The kernels are the linear kernel and the radial basis function (RBF) kernel of Gaussian functions. The parameter C is the coefficient of the error term in the optimizing function. The parameter gamma is the scale parameter in the exponent of the Gaussian function. A proper explanation can be found in any article or book about support vector machines. The app uses the same terminology as LIBSVM.
The linear kernel with default parameter is usually a good choice for biological data with many molecules and relatively few samples.
Only molecules without missing values in the training and test sets are used for the SVM.
k means clustering
K means clustering is an unsupervised clustering algorithm that divides the samples into k groups. The number of clusters, k, is user determined. The algorithm employed by the app is probabilistic and might give different results for several runs on the same data set. However, the results will be similar, and the differences are explained by movement of samples whose group membership is ambiguous. Since there is no unique biologically correct clustering in any case, the probabilistic nature of the algorithm is acceptable.
The algorithm is almost identical to the standard Lloyd algorithm. The steps are described below.
- Iterate over the entire cluster algorithm below, and take the clustering with the smallest sum of square deviation as the final result. The number of iterations is dynamic and depends on the duration for one iteration. The app should never become unresponsive by being stuck in a long computation.
- Assign the samples to random clusters.
- Resolve empty clusters by moving samples from the largest cluster to empty clusters.
- Iterate the following steps until the clusters are constant or a maximum limit is reached. In practice, the maximum limit is almost never needed.
- Calculate centroids as the average point in each cluster.
- Reassign samples to clusters. A sample belongs to the cluster whose centroid is closest.

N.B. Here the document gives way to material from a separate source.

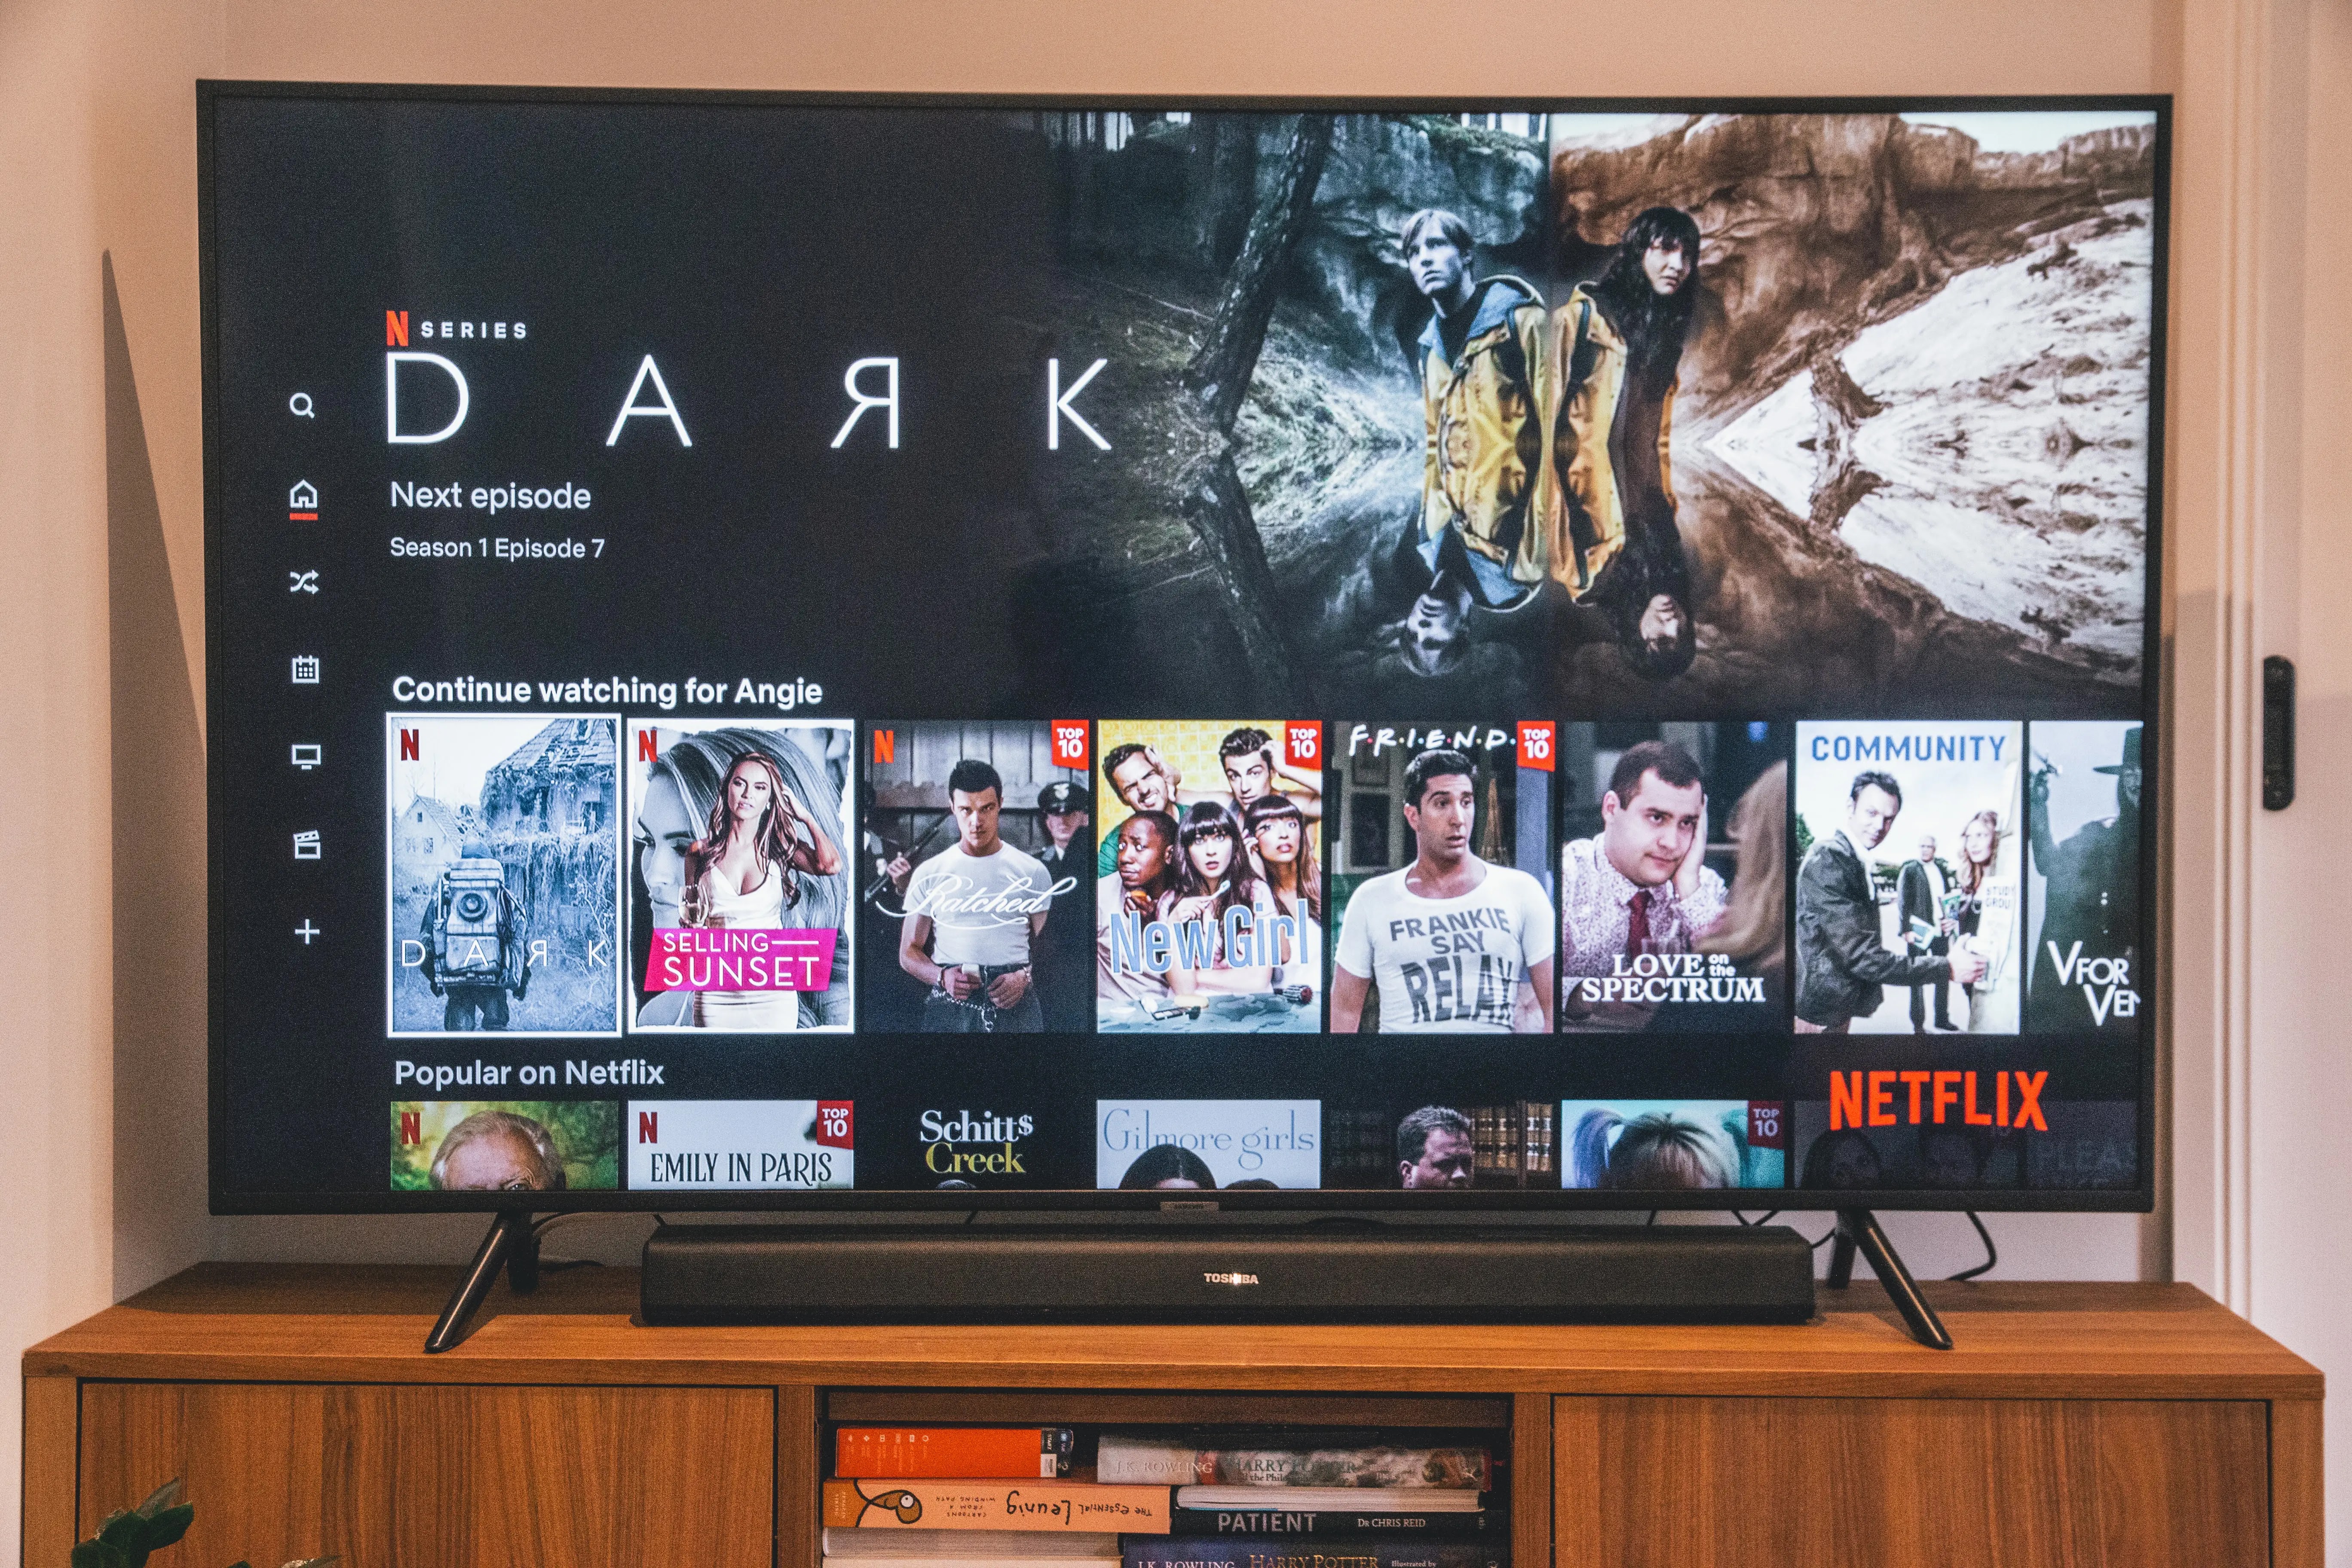 Is it worth buying a smart TV? 5 things the seller won't tell you

- Resolve empty clusters by moving samples from the largest cluster to the empty clusters.
- Calculate the sum of square deviation of samples from their cluster centroid.
The Sammon map is a projection of the high dimensional samples to a low dimensional space. The map was invented by Sammon in 1969. (J. W. Sammon jr. A Nonlinear Mapping for Data Structure Analysis. IEEE Transactions on Computers, vol. C-18, no. 5, pp 401-409, May 1969). In this app the low dimensional space is two or three dimensional such that the samples can be visualized. The Sammon map attempts to preserve the pairwise distances between samples as much as possible.
The distances in the high dimensional space are Euclidean distances using only the molecules without missing values for the selected samples. The algorithm is described by by Kohonen ( T. Kohonen. Self Organizing Maps. Springer, 3 edition, 2001) and is iterative. The number of iterations depend on the time of one iteration; the app will never go into a long computation.
At each iteration, the algorithm loops over all pairs of samples and updates the two samples. The update moves the two points directly away from each other if their distance is too small, and moves them towards each other if it is to large. The size of the movement depends on the current distances and a variable multiplier. The multiplier starts at 0.4 and ends at a small value. The multiplier is reduced at each iteration.
The purpose of the Sammon map is to obtain a visualization of the samples and hopefully gain some biological insight. The Sammon map is an alternative to the PCA map. The Sammon map has the property that samples close to each other remain close after the projection which is not guaranteed by the PCA map.